Burswood bounces back

PERTH’S dedicated convention and exhibition centre is guaranteed to be built in the Perth CBD and it is to include a soccer and rugby stadium.

Burswood International Resort and Casino, the only bidder proposing a site outside the CBD, has been excluded from the short list of preferred tenderers for the project.

However, a Burswood spokeswoman said the resort would continue with its $75 million expansion, which includes an enlarged convention centre.

Burswood’s bigger convention facilities will be able to cater to conventions with up to 1,800 delegates.

Construction on the project is due to begin in January and be completed in 2001.

The shortlisted applicants for the Perth Convention and Exhibition Centre all expect to have the project finished by the first half of 2002.

The fact Burswood will have its centre finished first is a source of hope to the Town of Victoria Park.

Burswood is the town’s biggest ratepayer and its exclusion from the shortlist has disappointed the council.

Town of Victoria Park CEO John Bonker said Burswood’s ability to move first might still rule out the three bidders.

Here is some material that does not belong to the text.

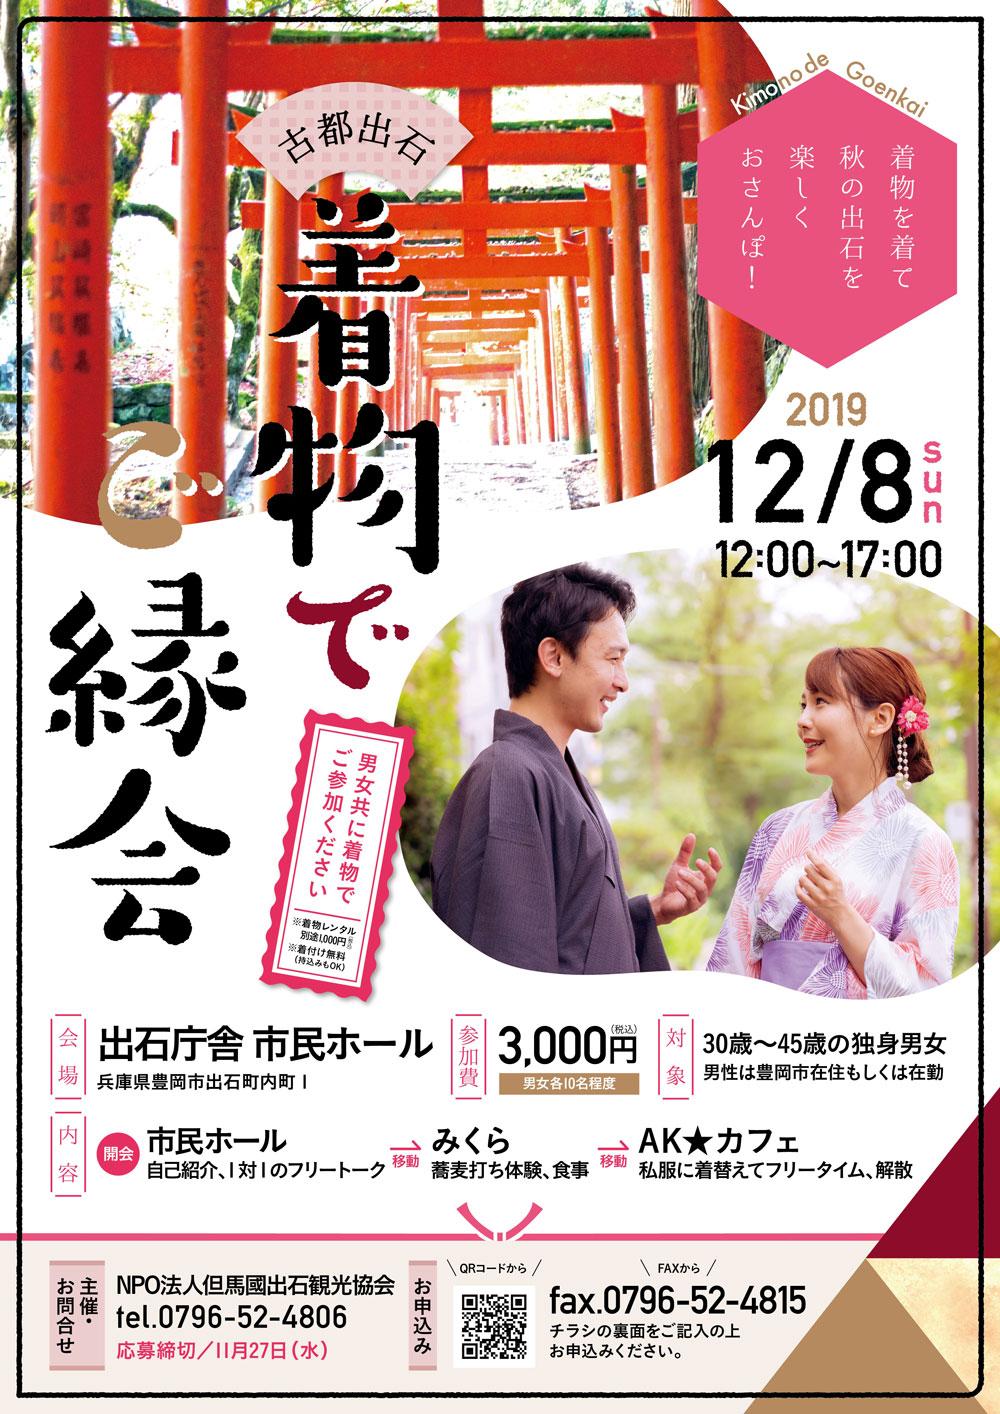 12/8 着物でご縁会

Perth Convention Bureau chairman Richard Campbell said the resort still had a major role to play in the marketing of WA as a convention destination.

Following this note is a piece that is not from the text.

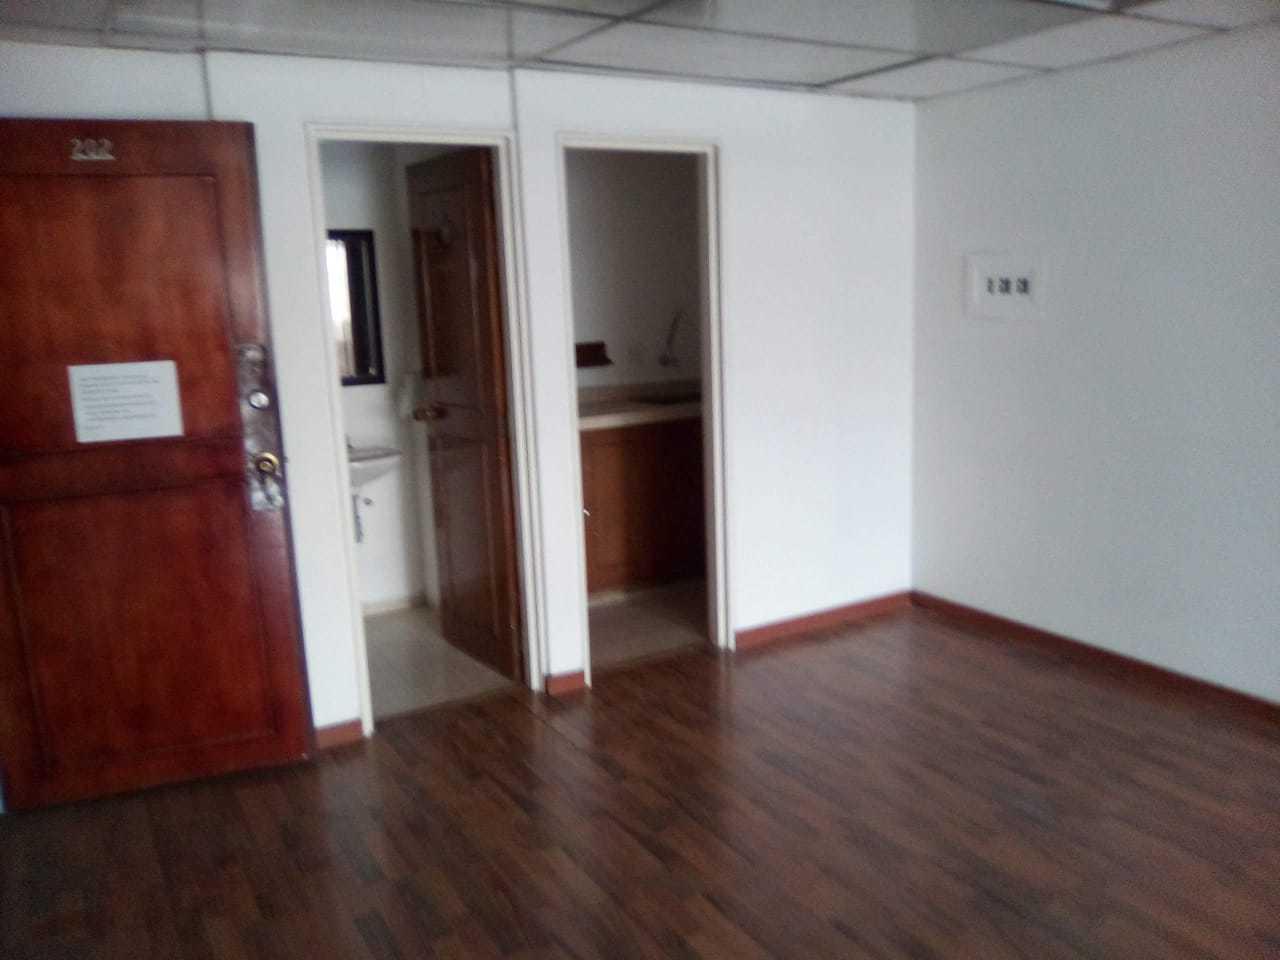 Oficina en Santa Barbara Occidental 7194, foto 1

He said Burswood and the dedicated convention centre would complement each other and increase Perth’s appeal as a destination.

“Really, both venues will appeal to different groups,” he said.

“The convention centre is more likely to appeal to educational, academic, government and religious organisations who traditionally would not use a venue that incorporates a casino.

“However, there are many other groups such as mining and corporate organisations that find a resort and casino complex more attractive for their delegates.”

The argument now is whether the convention centre will be built on a Northbridge site adjacent to Welling-ton Street or on the Perth Busport.

Many in the local convention industry seem to prefer the Northbridge site.

The Perth City Council also wants the Northbridge site which encompasses the area from west of the Horseshoe Bridge to the Mitchell Freeway.

Building the centre there would probably require the sinking of the Perth to Fremantle railway line, which would once again reunite Northbridge with the CBD.

Building the convention centre at the Busport would have the disadvantage of removing 1,340 well-patronised car bays.

The shortlist to build the convention centre comprises Leighton Contractors, a consortium of Multiplex Constructions and Accor Asia Pacific Limited, and a consortium of Lend Lease Corporation, John Holland Group, the Seven Network and Compass/Eurest Aust-ralian/Convex WA.

The WA Government has set aside $110 million plus a land component for the successful bidder, expected to be announced by March 2000.

In return it wants a centre capable of catering for up to 2,500 delegates with a separate 2,500-person banquet facility, twelve to fourteen breakout rooms with a total capacity of 2,500 people, 20,000 square metres of exhibition space, a minimum of 600 car parking bays, a stand-alone theatre and a 19,000-seat soccer and rugby stadium.

The new centre is expected to be worth an additional $2.2 billion to the WA economy in its first ten years.

It is also expected to create an extra 600 full and part-time operational positions when it is completed.

The lack of a convention centre has been a concern for Perth. The recent loss of the American Federation of Travel Agents conference to Honolulu has largely been blamed on the lack of a facility of suitable size to cater for such a large convention.